- **Problem**
Below is a listing; print exactly its lines from the one containing "Frozen flowers produced" down to the one containing "Broken car windshield in car accident.", both inclusive, with every picture left out.

- **Recorded data**
+ + + + + + +

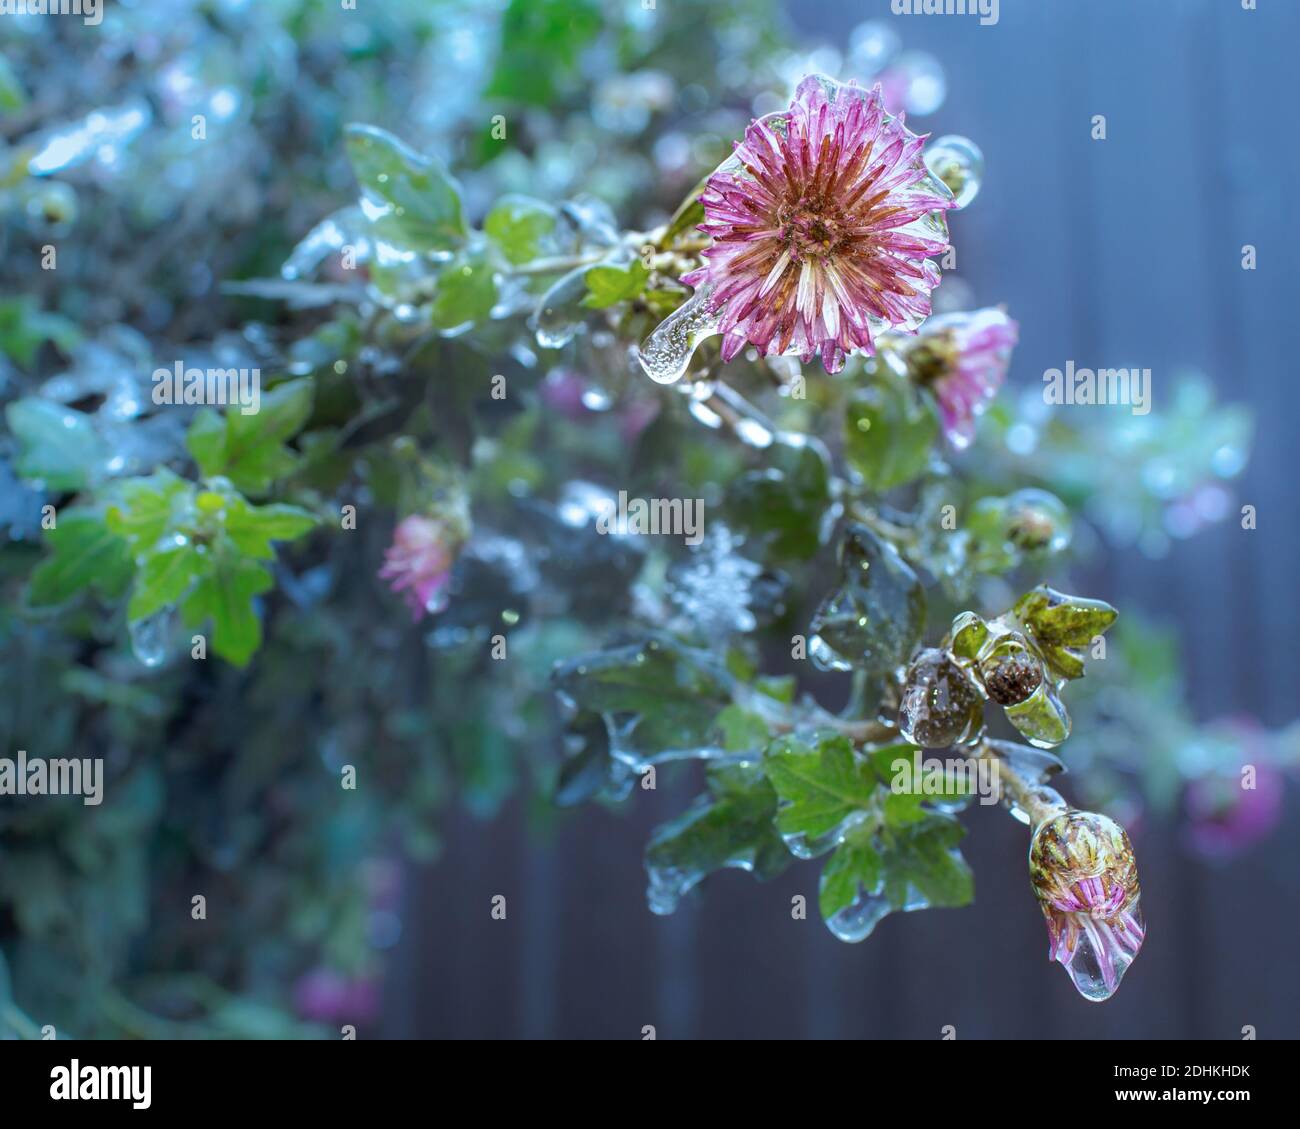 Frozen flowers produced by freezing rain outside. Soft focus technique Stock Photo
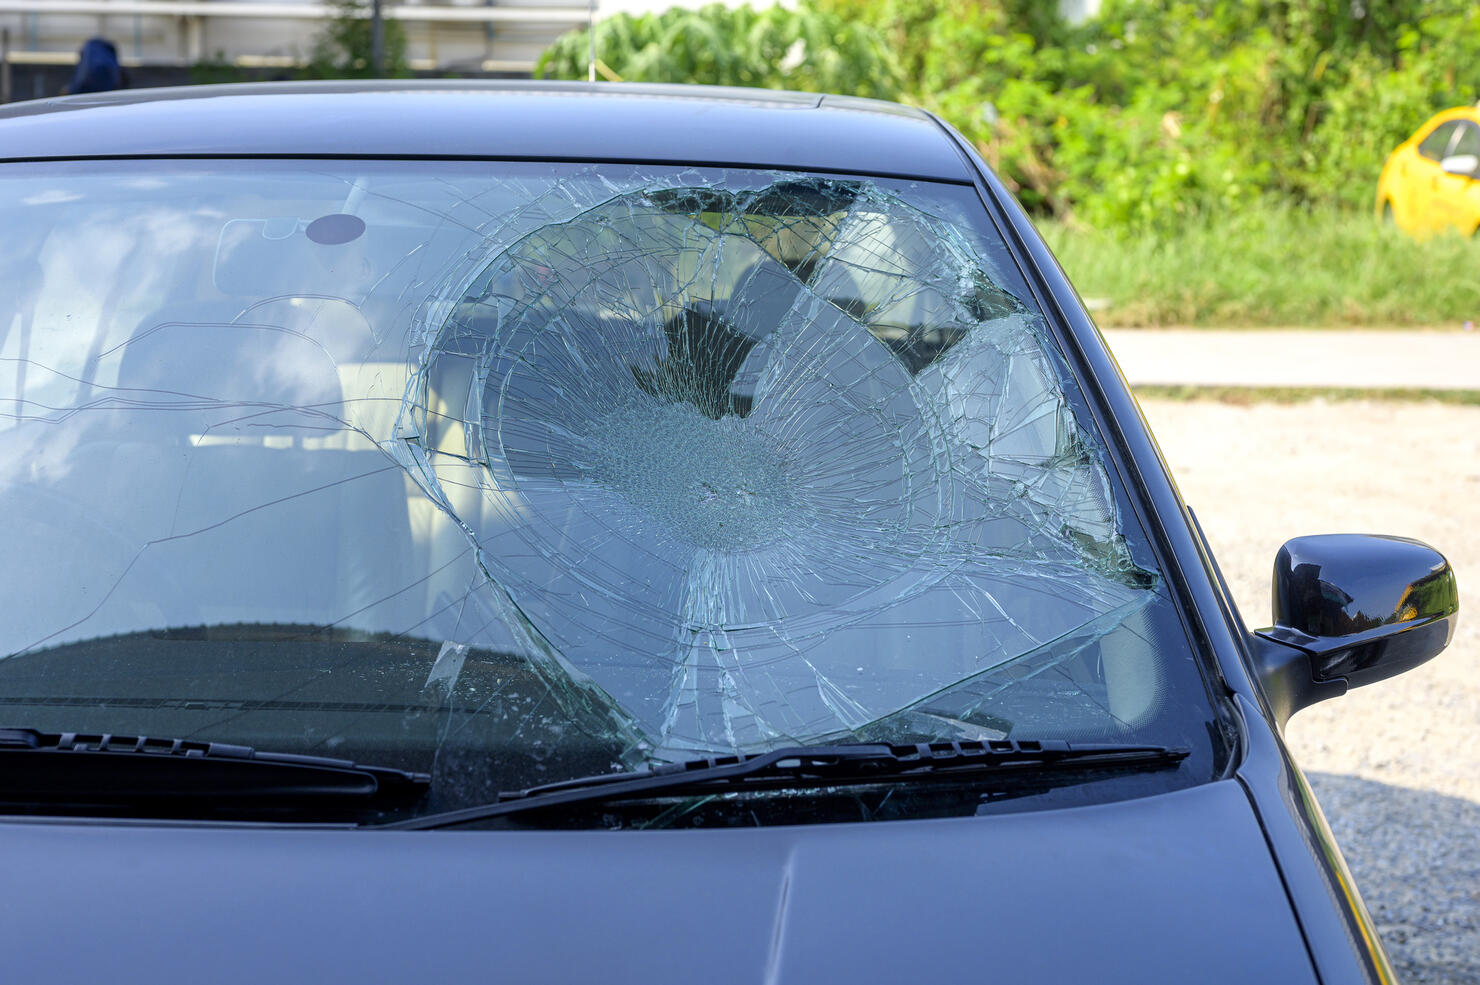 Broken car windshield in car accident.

+ + + + + + +

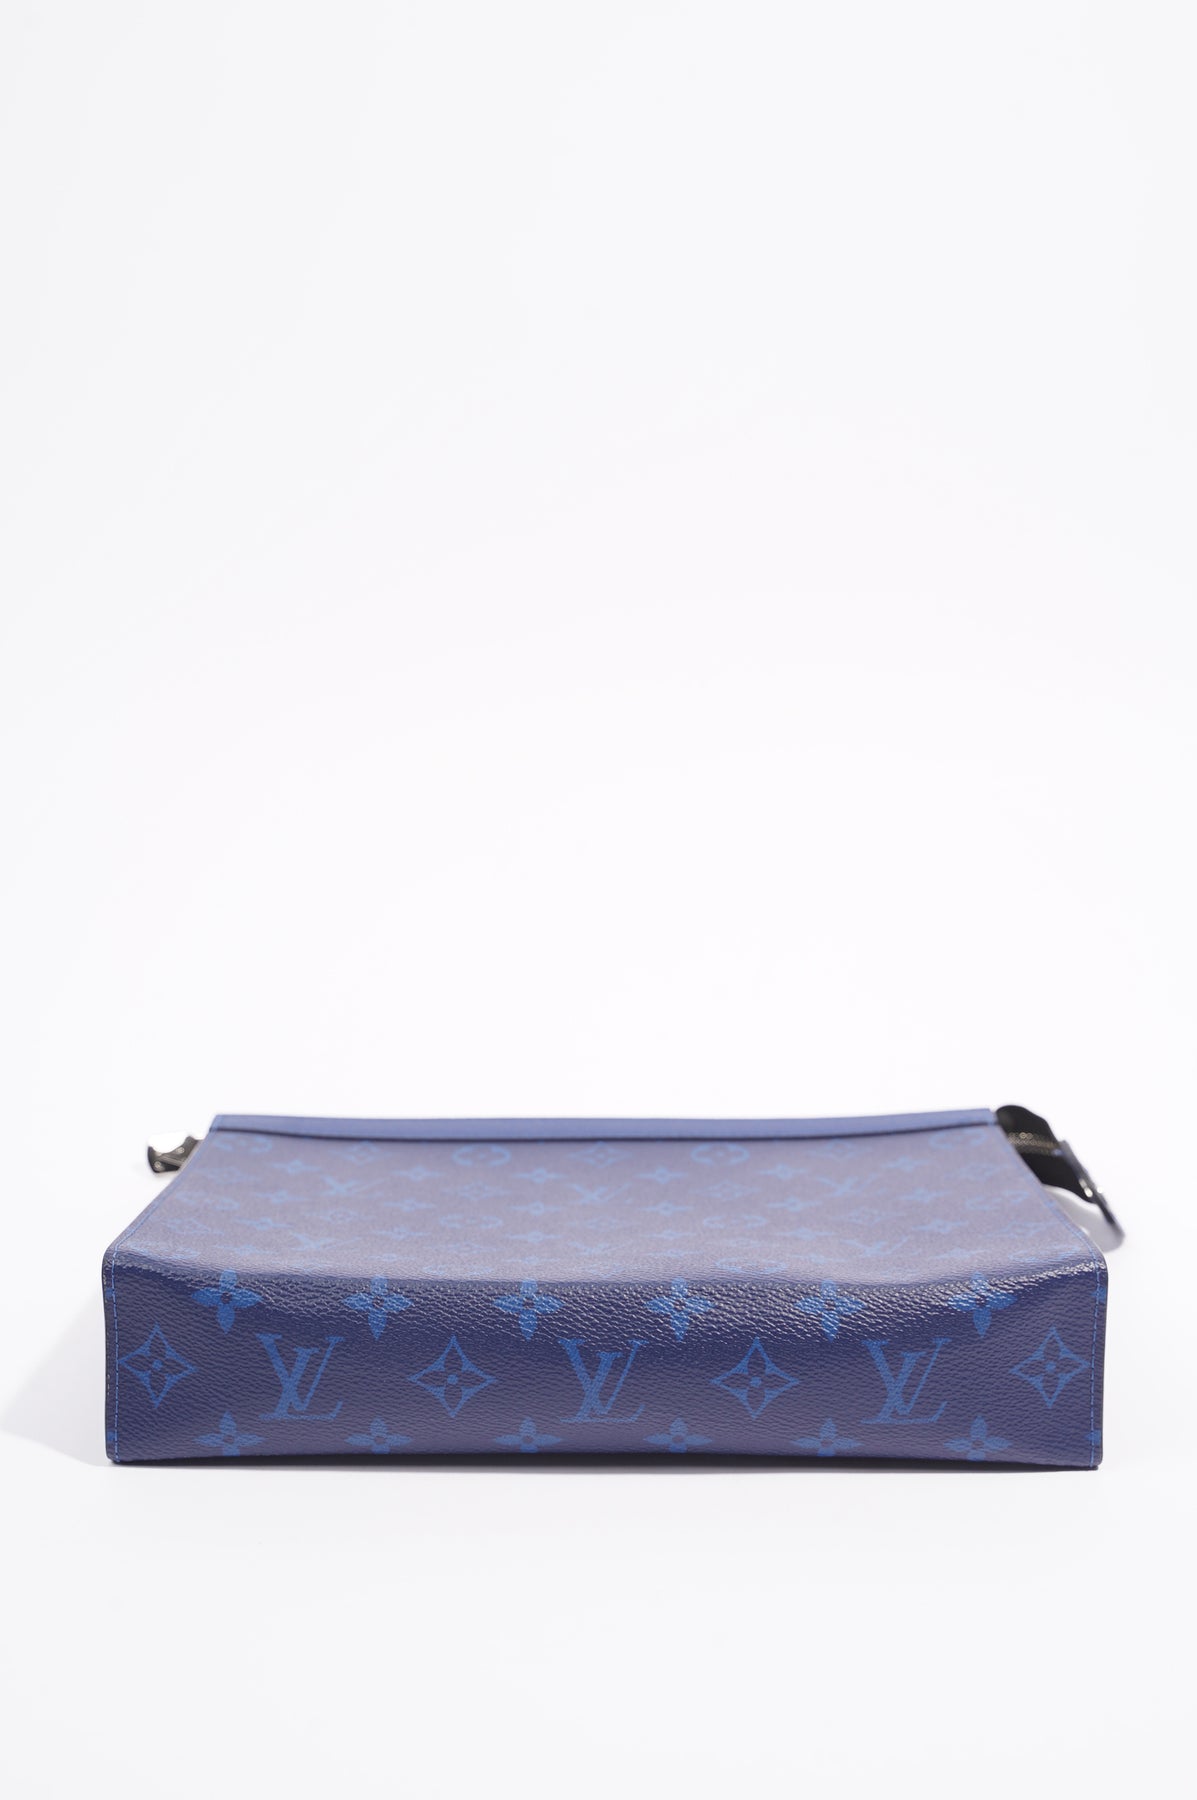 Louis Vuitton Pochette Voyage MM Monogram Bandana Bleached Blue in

+ + + + + + +

- **Response below**
 Frozen flowers produced by freezing rain outside. Soft focus technique Stock Photo
 Broken car windshield in car accident.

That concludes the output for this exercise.